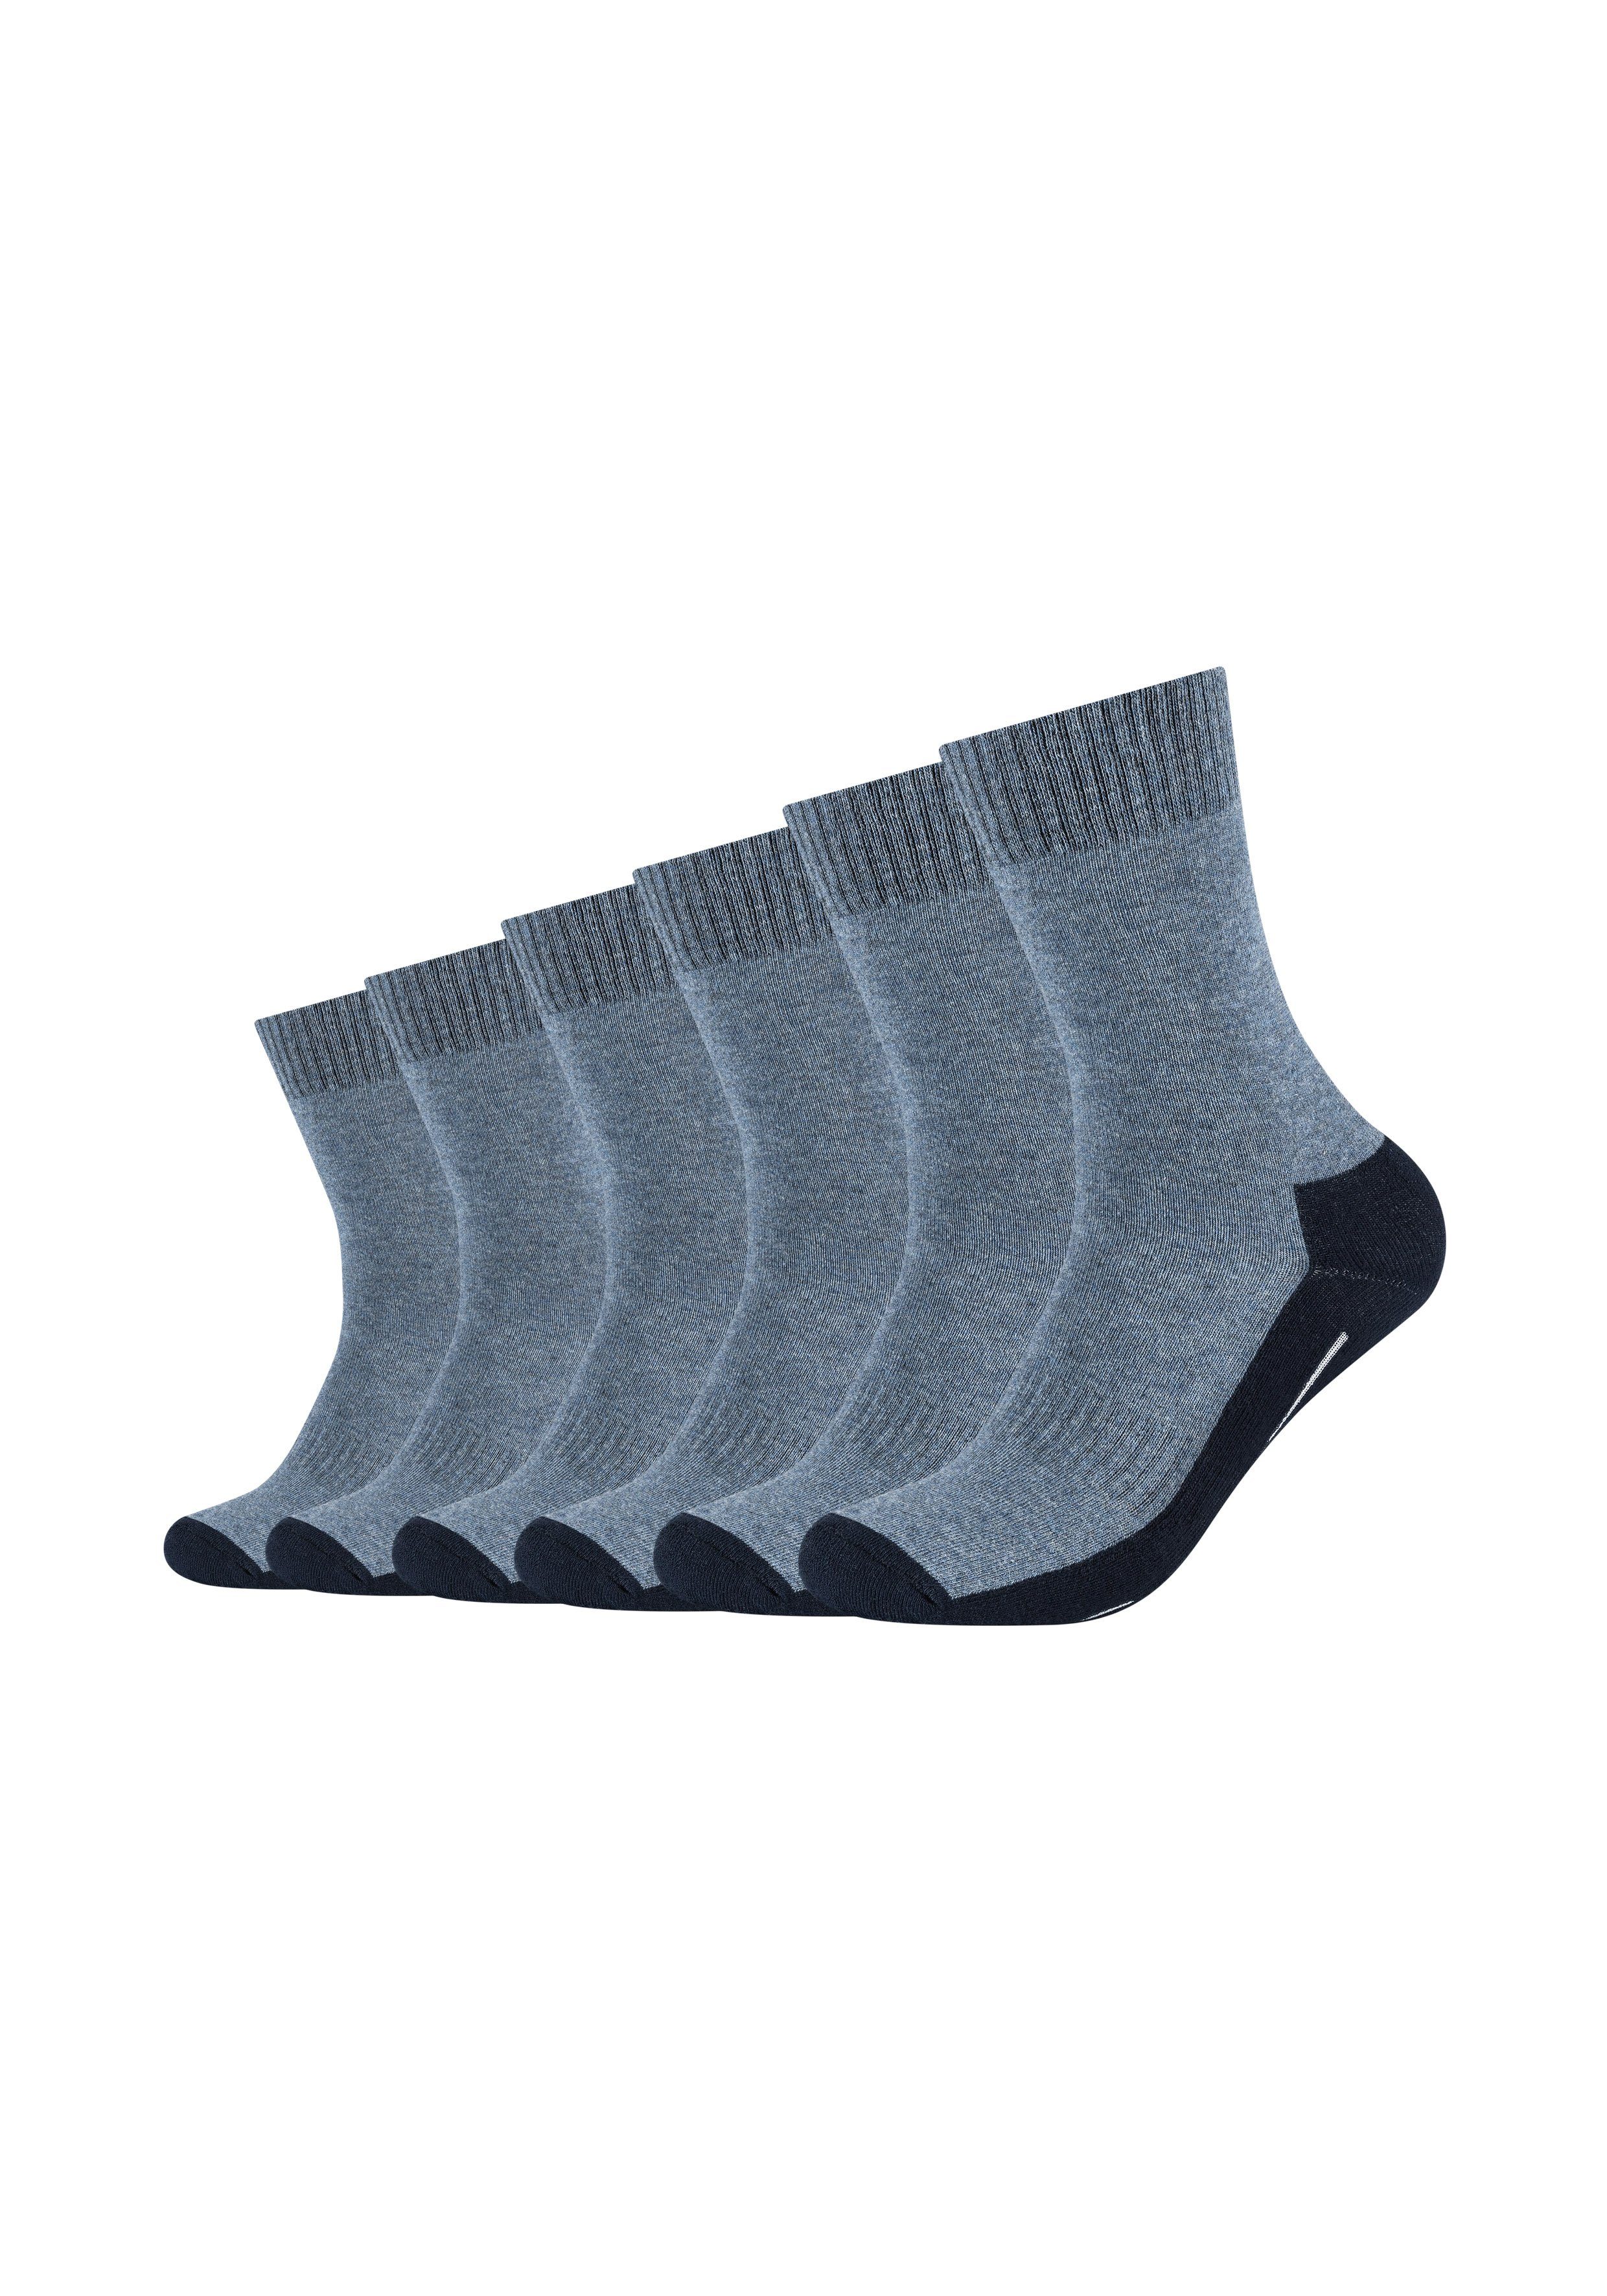 Wäsche/Bademode Socken Camano Socken Pro Tex Function (6-Paar) im praktischen 6er-Pack
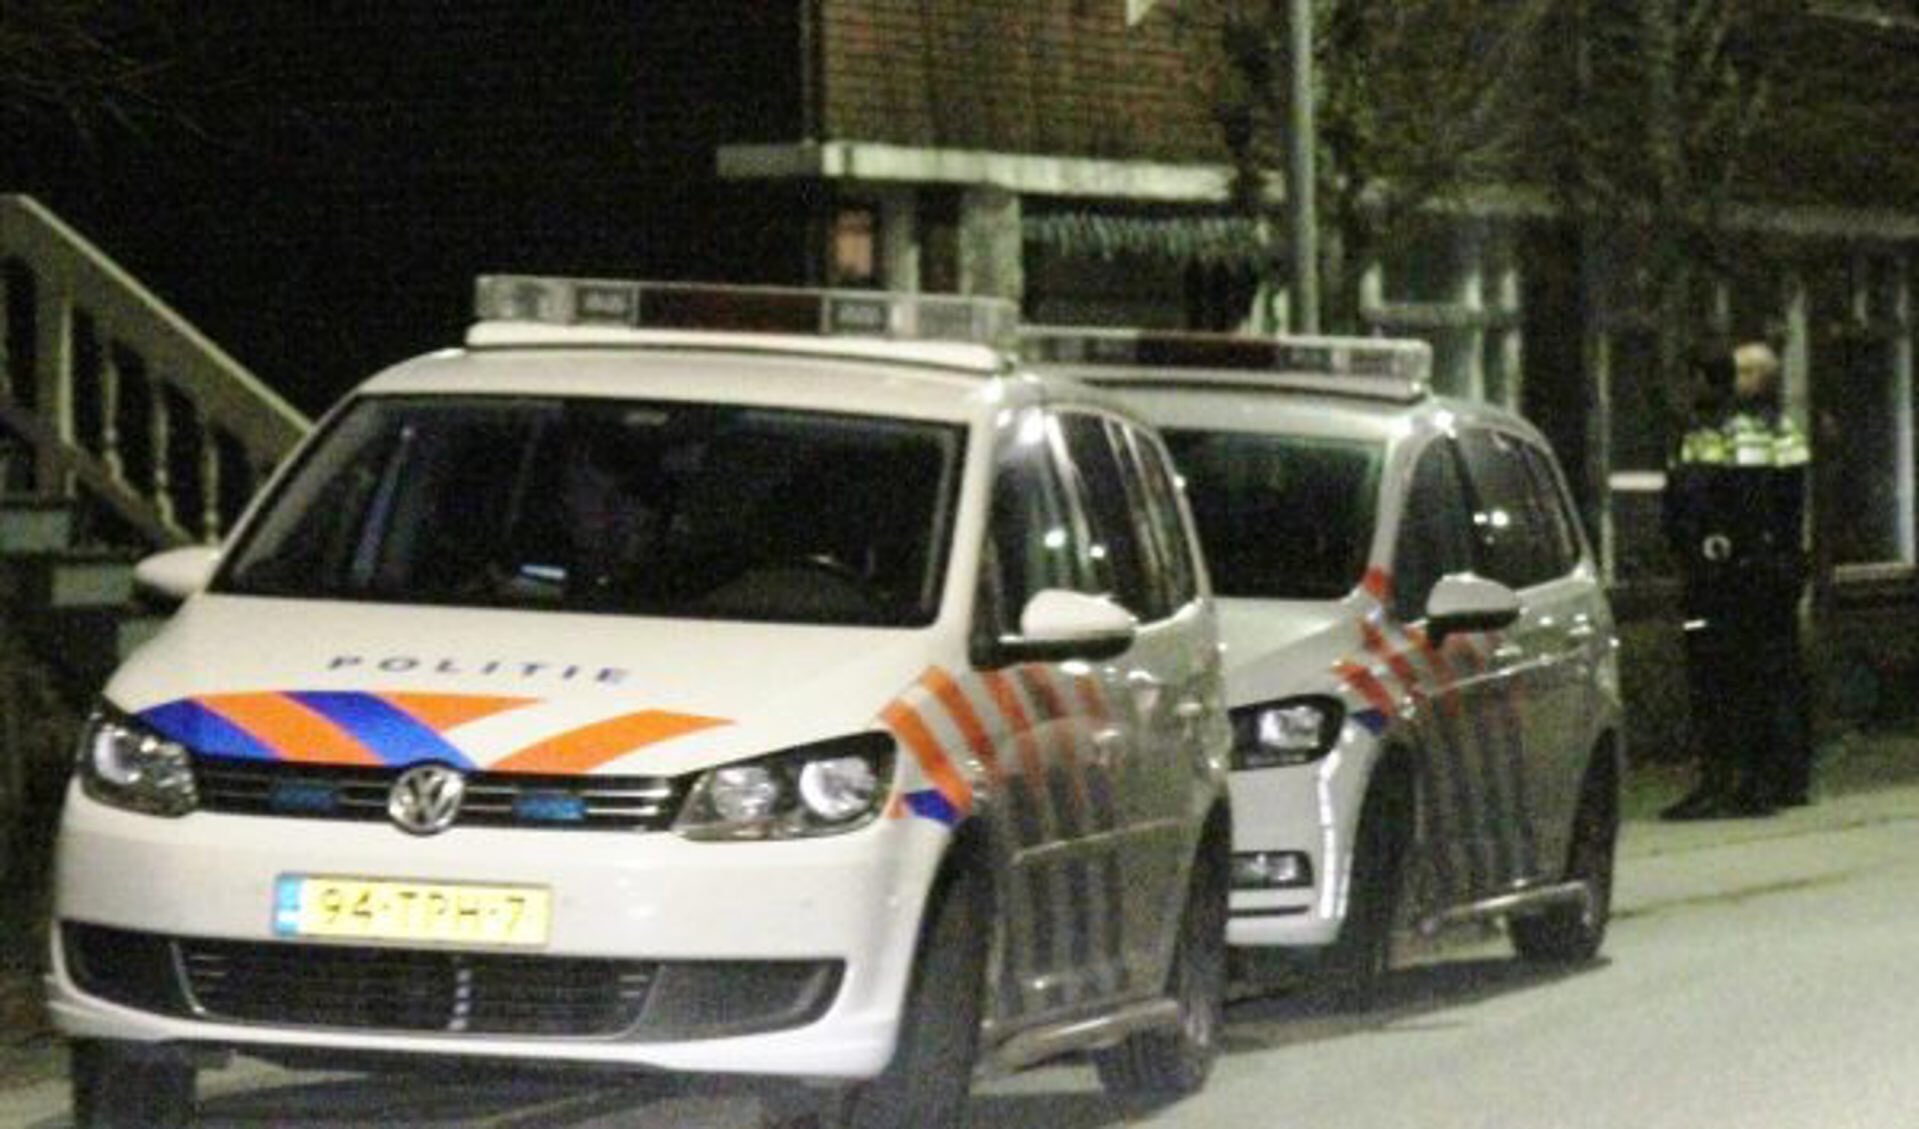 De politie werd even na middernacht opgeroepen voor een melding van huiselijk geweld langs de West-Kinderdijk in Alblasserdam.
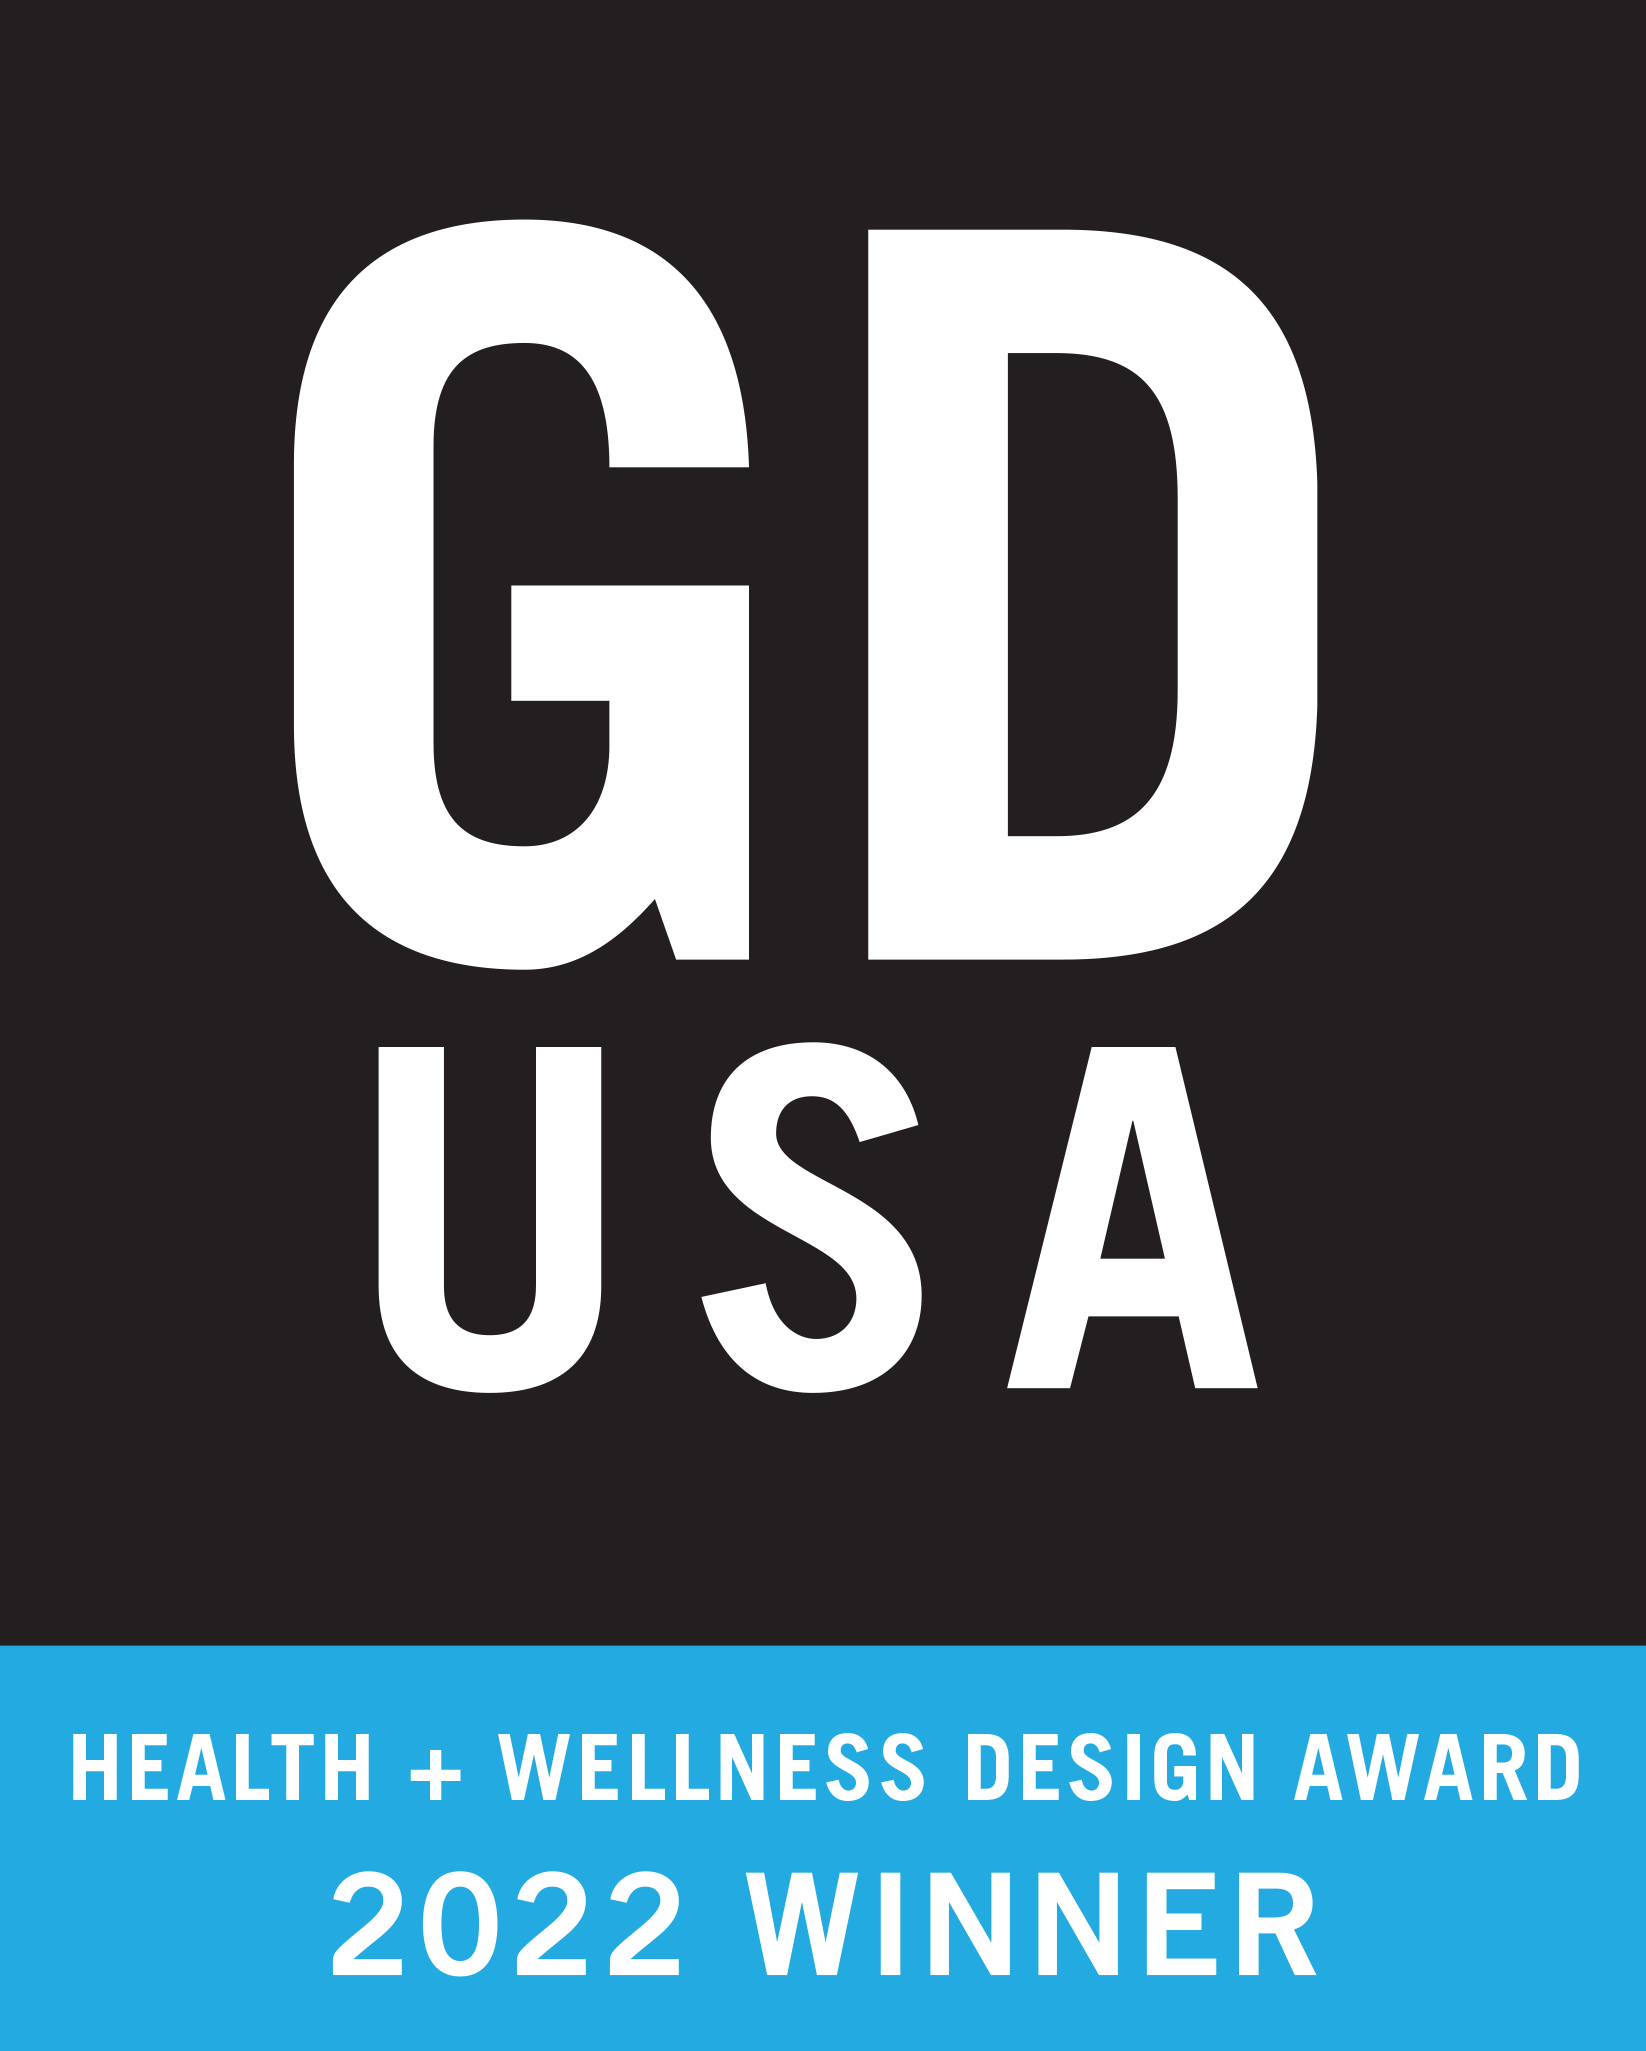 GD USA Health + Wellness Design Award 2022 Winner

# Directions for this task:
A verbatim copy of the material is needed; pictures are not to appear in it.

# Answer below:
 Wäsche/Bademode Socken Camano Socken Pro Tex Function (6-Paar) im praktischen 6er-Pack
 De politie werd even na middernacht opgeroepen voor een melding van huiselijk geweld langs de West-Kinderdijk in Alblasserdam.
 GD USA Health + Wellness Design Award 2022 Winner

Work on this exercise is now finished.